During labour, the midwives and doctors will monitor you and your baby, this includes watching your baby’s heart rate pattern. This is called fetal heart monitoring and is a normal part of the labour process.
Listening to your baby’s heartbeat can help midwives and doctors assess how well your baby is coping with labour.
Choosing to have your baby monitored in labour is your choice. Your choice in how your baby’s heartbeat is monitored can be included in your personalised care plan. This can be shared with those caring for you and your baby to ensure they are aware of your decision.
There are lots of handheld fetal heart rate monitors which you can buy for personal use. This is not recommended by Midwives and Doctors as there have been cases where this has given false reassurance to women which has delayed them getting help for their baby when they have needed it
How Is My Baby Heart Monitored?
There are two ways your baby's heart can be monitored during labour.

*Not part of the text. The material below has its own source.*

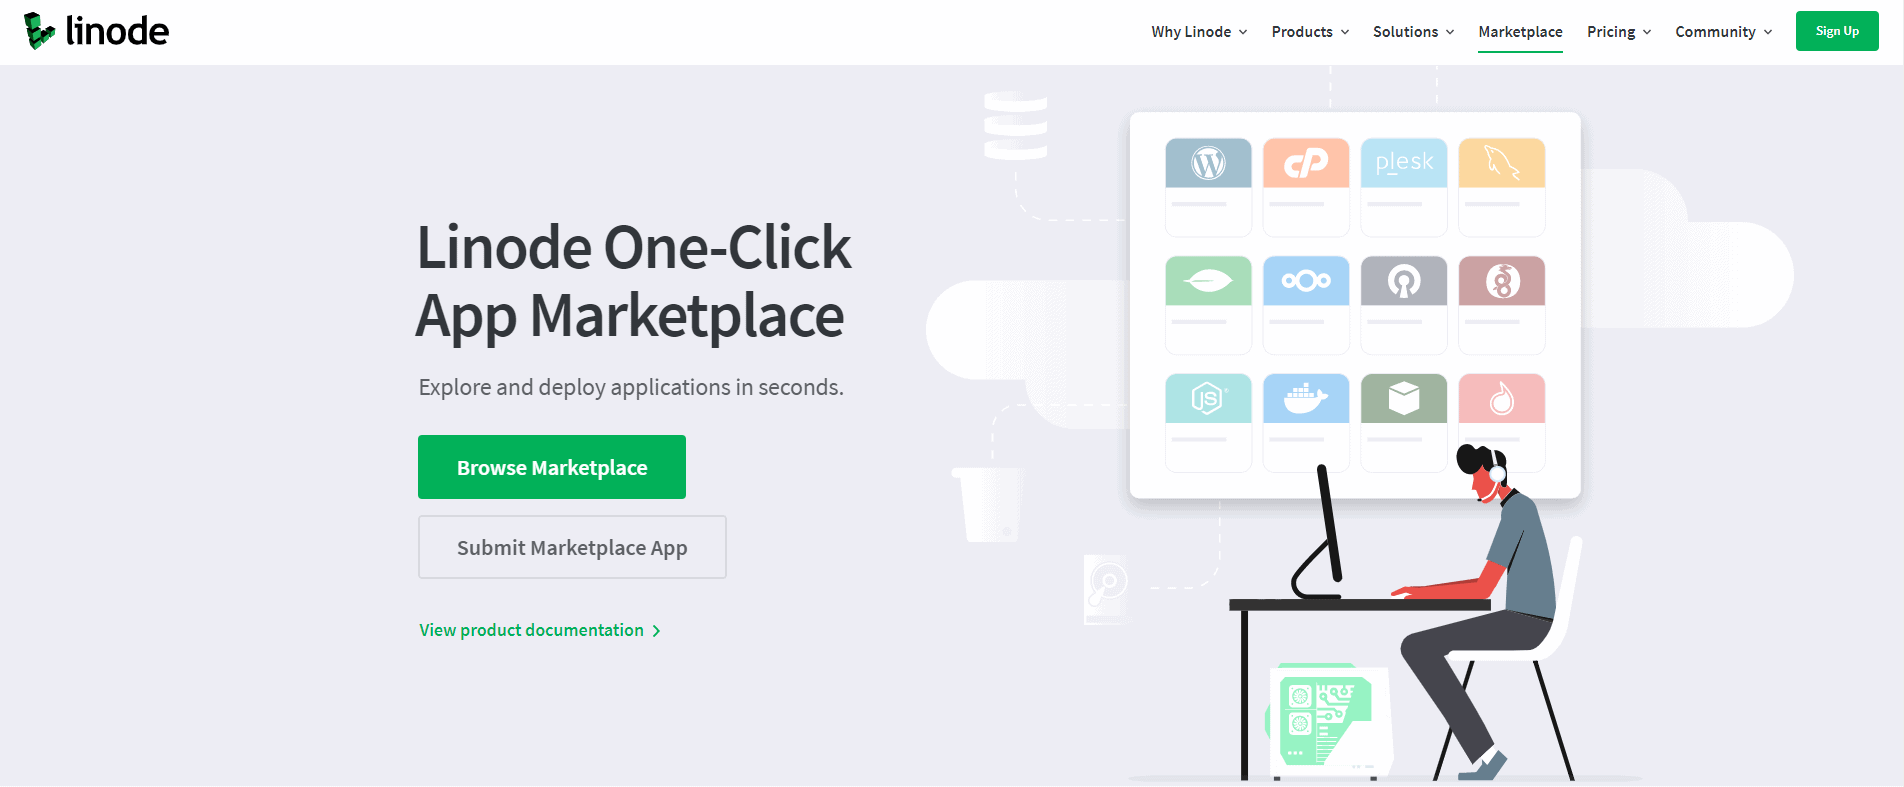 Linode One-Click Apps

It can be monitored either at regular intervals (intermittent) or continuously (electronic fetal monitoring). The midwives and doctors will advise you depending on your pregnancy and risk factors, which one would be
recommended when you go into labour.
Intermittent monitoring is the usual method of monitoring for low-risk pregnancies. It achieves a balance between detecting babies that are not coping well during labour whilst reducing the risk of unnecessary interventions.
Your midwife will listen to your baby’s heart rate at regular intervals during labour, whilst measuring your pulse to ensure they can tell them apart.
Continuous monitoring uses a machine called a Cardiotocograph or CTG. This detects and prints out your baby’s heartbeat continuously during labour.
If you have any risk factors during pregnancy and labour or health problems that might affect how your baby copes with labour, you may be recommended a CTG. This will let the midwives and doctors see if there are any changes to your baby's heart rate pattern and show how they are coping with labour.
How Does A CTG Work?
For the CTG machine to record your baby’s heart rate and contractions, you will have two straps attached to
your abdomen. One strap holds the ‘toco’ (sensor to monitor contractions) in place. The second strap holds the ‘transducer’ (fetal heart rate detector).
The CTG will provide a continuous printout of your baby’s heart rate pattern. The midwives and doctors will monitor this during labour and can explain to you how your baby is coping.
You may choose to have your baby monitored with a CTG or if you are not comfortable with this, you may choose intermittent monitoring. Please discuss this with your midwife to allow a personalised plan for labour based on your choices.
Making Your Decision
Choosing to have your baby monitored in labour is your choice and your midwifery team are available to help guide you through the benefits, risks and options for labour.
Remember, your decision can change any time and you will be supported to make choices on what you feel comfortable with.
If you feel worried and would like more advice you can speak to your midwife throughout your pregnancy and up to 28 days after the birth of your baby.